Net-Burn   (burning.X)

A fishing net is knit from N knots (3 <= N <= 100), labeled 1..N,
and M fibers (3 <= M <= 6,000), each with a positive integer length
Li (1 <= Li <= 1,000). Each fiber runs between two different knots.
Two or more fibers might run between the same pair of knots.

The net is to be set on fire starting at a knot of your choice. A
fire started at any knot will eventually spread throughout the net
and burn all of it. When set on fire, each fiber burns at the uniform
rate of one unit of length per second.

Each knot burns completely in D seconds, where D is the number of
fibers connected to it. A fiber starts burning at one of its ends
when the knot at that end has completely burned. A knot starts to
burn when any fiber attached to it has completely burned.

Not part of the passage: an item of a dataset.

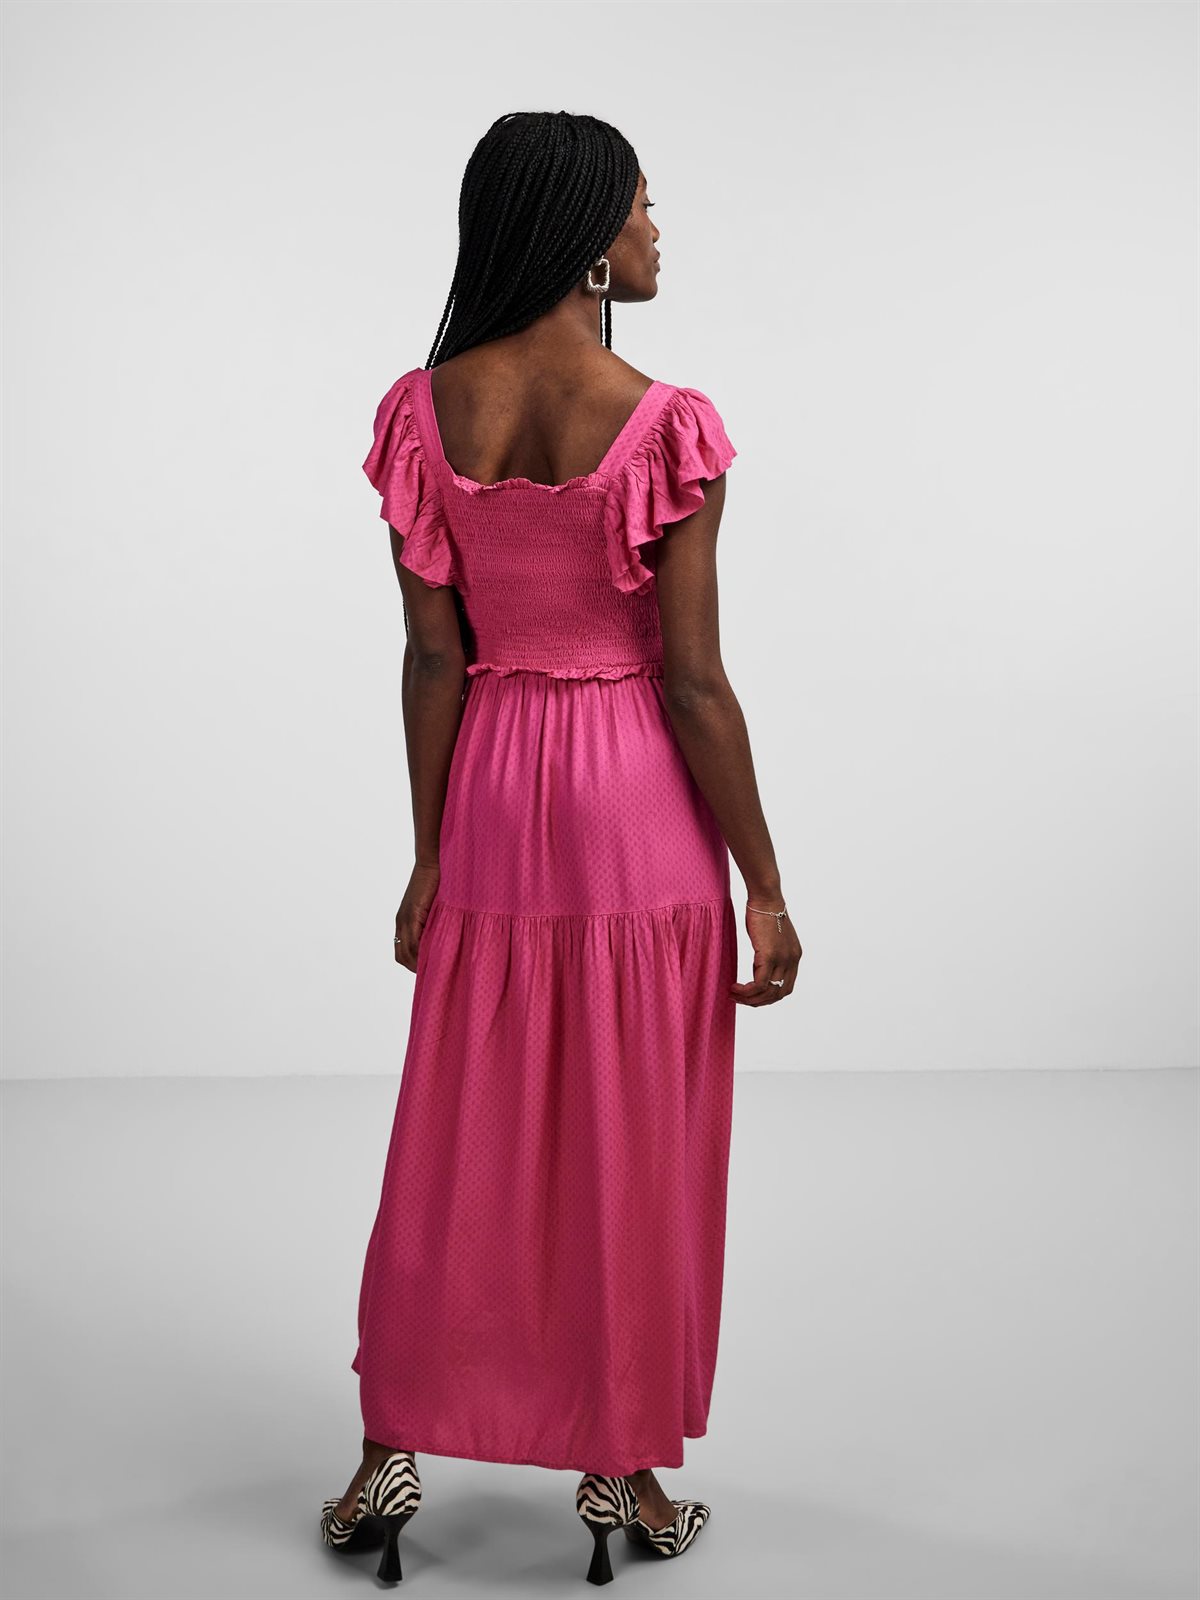 Y.A.S - Citri - Long Fuchsia Sl Dress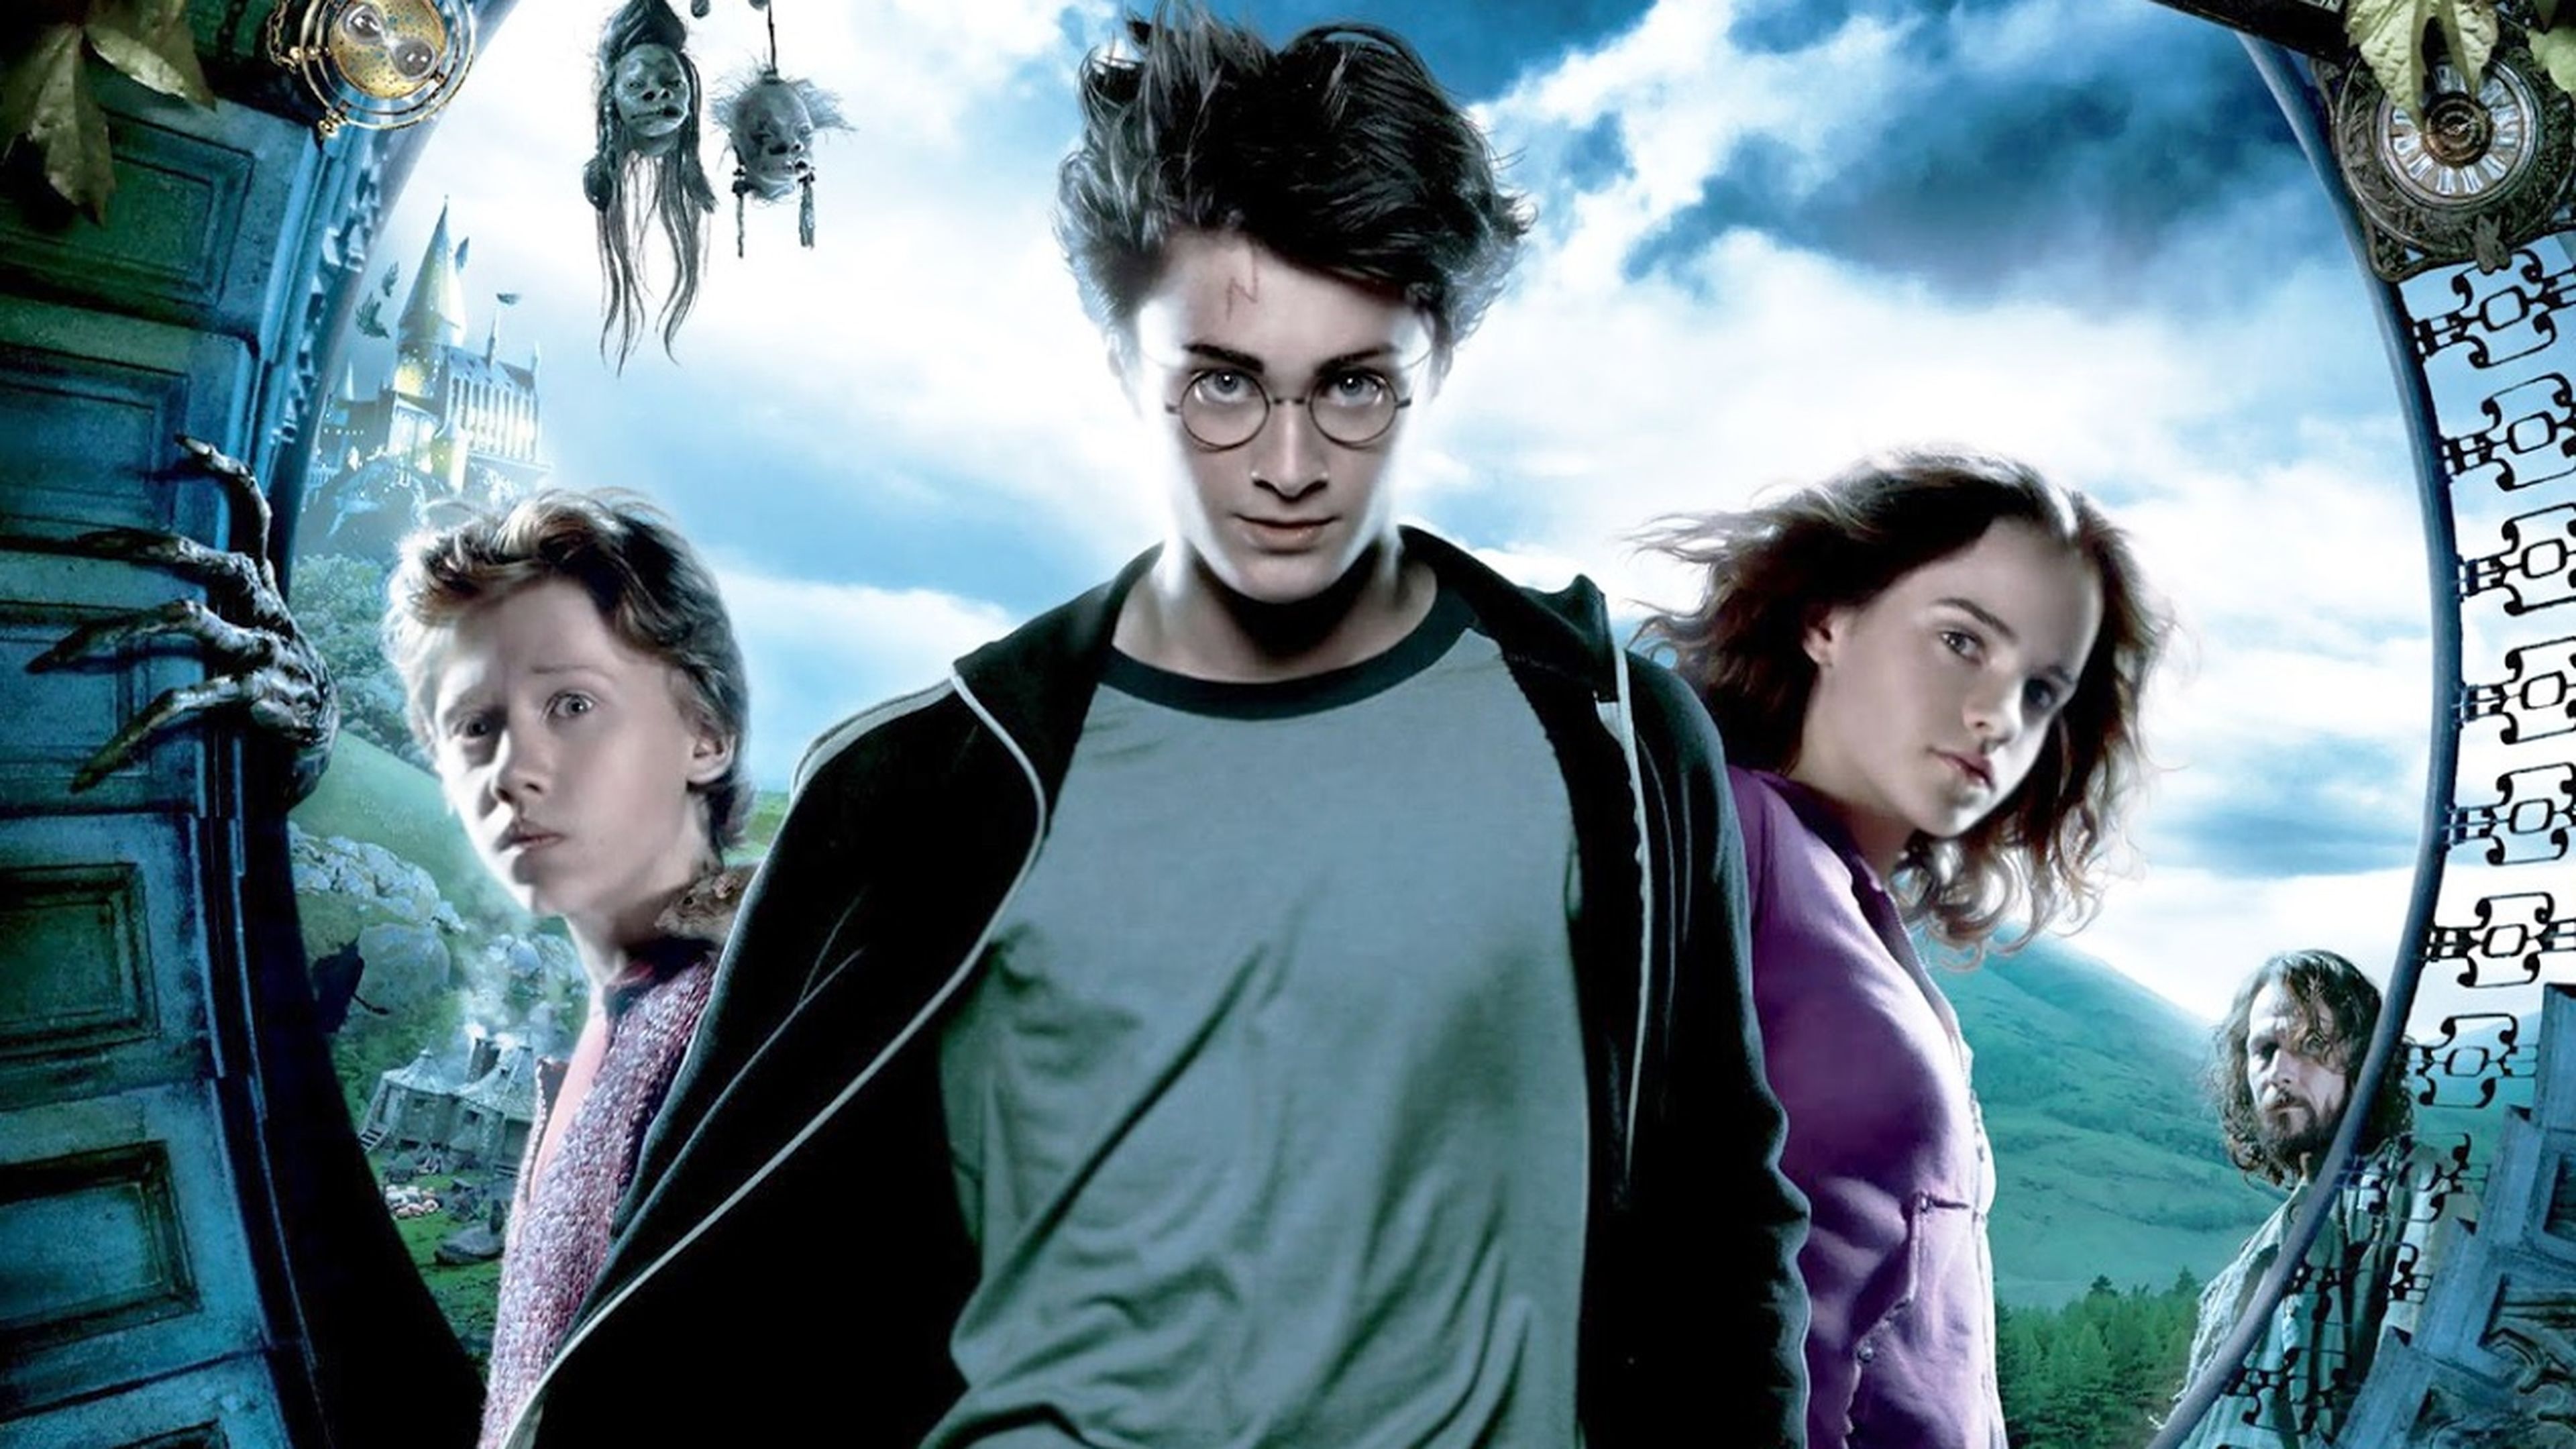 Harry Potter y el prisionero de Azkaban (2004)

Find the minimum time to burn the entire net.

PROBLEM NAME: burning

INPUT FORMAT:

* Line 1: Two space-separated integers, N and M

* Lines 2..M+1: Each line describes a fiber using three
        space-delimited integers, respectively, the numbers of the two
        knots it connects and its length

SAMPLE INPUT:

3 4
1 2 6
1 3 4
2 1 2
3 2 5

OUTPUT FORMAT:

* Line 1: A single line with the minimum time-to-burn expressed as an
        number with exactly one decimal place.

SAMPLE OUTPUT:

11.0